Reviewed by James Wynne.

Mad Dogs concludes its third run with a faltering finale that owes much of its appeal to the individual performances of Phil, Max, John, Marc and, most of all, Stanley Townsend (The Shadow Line), as the hilariously barmy, ex-C.I.A. operative, Lazaro.

I can’t quite fathom why Chris Cole seems so intent on shoehorning repetitive quarrelsome antics into each and every instalment (barring Episode 2, where the lads were separated for almost the entire duration). It’s just become a ceaseless monotony of the series that occupies more time in any given episode than it really should. This episode’s altercations don’t even feel like a matter of course; the dialogue is specifically aimed at arousing some superficial animosity between the four of them, presumably so Chris Cole can fulfil his quota of one argument per episode (if you watched Mad Dogs: Behind the Madness, you’ll have learned that Rick and Bax supposedly butt heads so often at Marc Warren’s insistence).

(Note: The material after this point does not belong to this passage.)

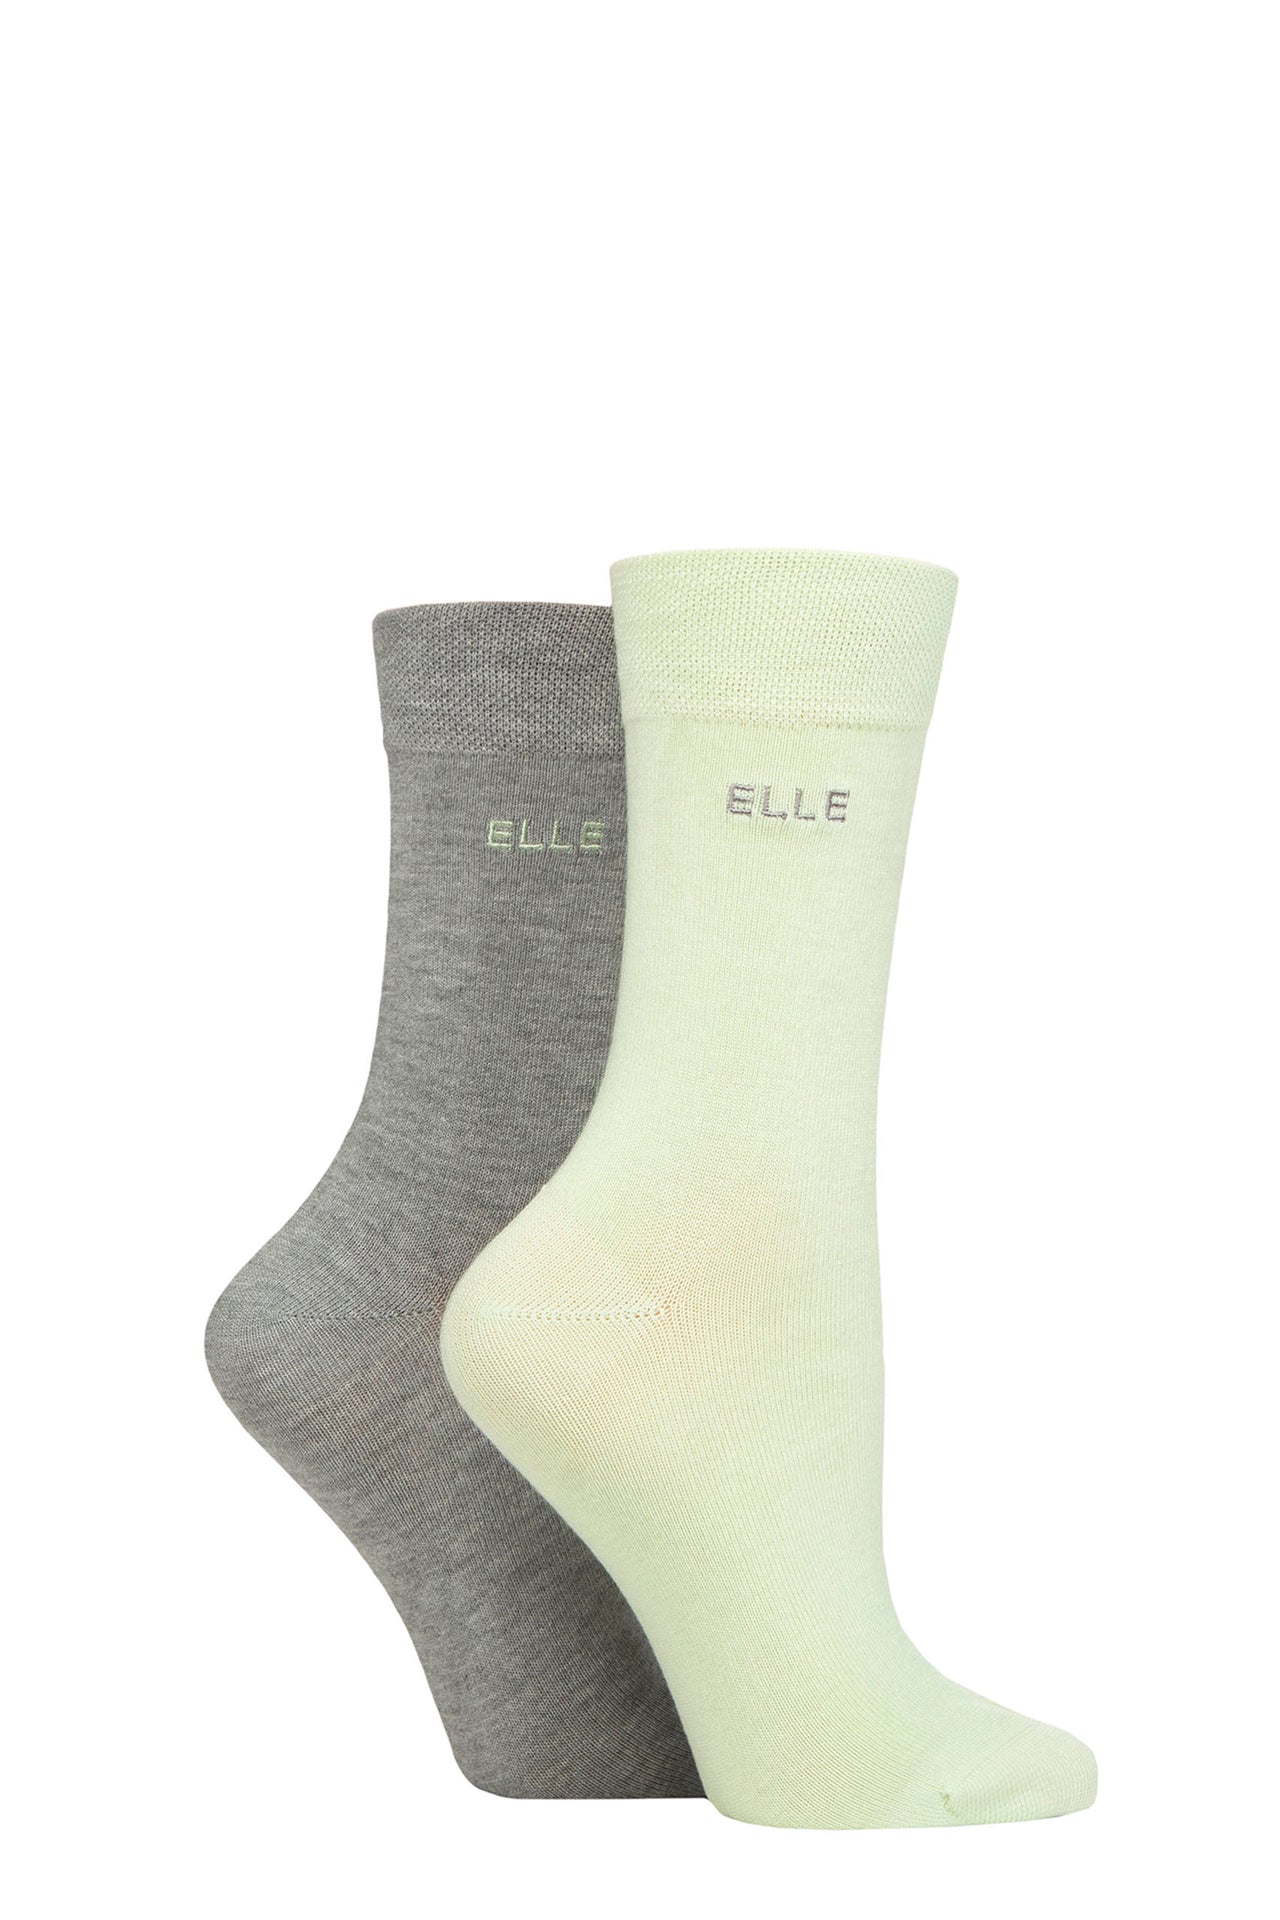 Ella 2 Pair Plain Bamboo Fibre Socks - Keylime Pie

With that said, it’s not all bad. Rick’s overzealous – and I suspect, somewhat insincere – attempt to reconcile with Bax is rather amusing, as is Bax’s aggressively mouthed, ‘F*ck off’, in response. Similarly, Quinn’s unwarranted assault on Woody cue’s a highly comical ‘What have I done?!’ from his bewildered victim. But the first quarter of this fourth and final episode is largely spent with the lads at each other’s throats; repeating the same accusations and antagonism we’ve seen ten times over by this point (even the ‘blame it all on Bax’ routine from the previous series crops up again).

It is with the entrance of the slightly crazed Lazaro that things finally pick up. This being Mad Dogs, the “C.I.A.” angle is typically and brilliantly humbled in its depiction. Whether it’s Lazaro’s dodgy internet server disconnecting him as he’s in the process of removing all records of “Operation Wimphammer”, or him offering the boys their freedom in exchange for them doing some household chores – the triviality of his aid, and indeed his disquieting state of slight delirium, throws a deftly humorous spin on the whole thing, and Stanley simply excels in all areas.


We are also treated to a gloriously psychedelic sequence of events, wherein a bout of golf is played during an eerie mergence of day and night; the murderous Tony ‘Tiny’ Blair makes a welcome, hallucinated reappearance; Woody engages in a bongo jam in the middle of the desert; Bax experiences firsthand the beginnings of a beastly devolution; and Rick learns the literal folly of “giving” one’s heart to another – Chris Cole crafts a superb consecution of drug induced lunacy that wholly encapsulates the aberrant ethos of Mad Dogs.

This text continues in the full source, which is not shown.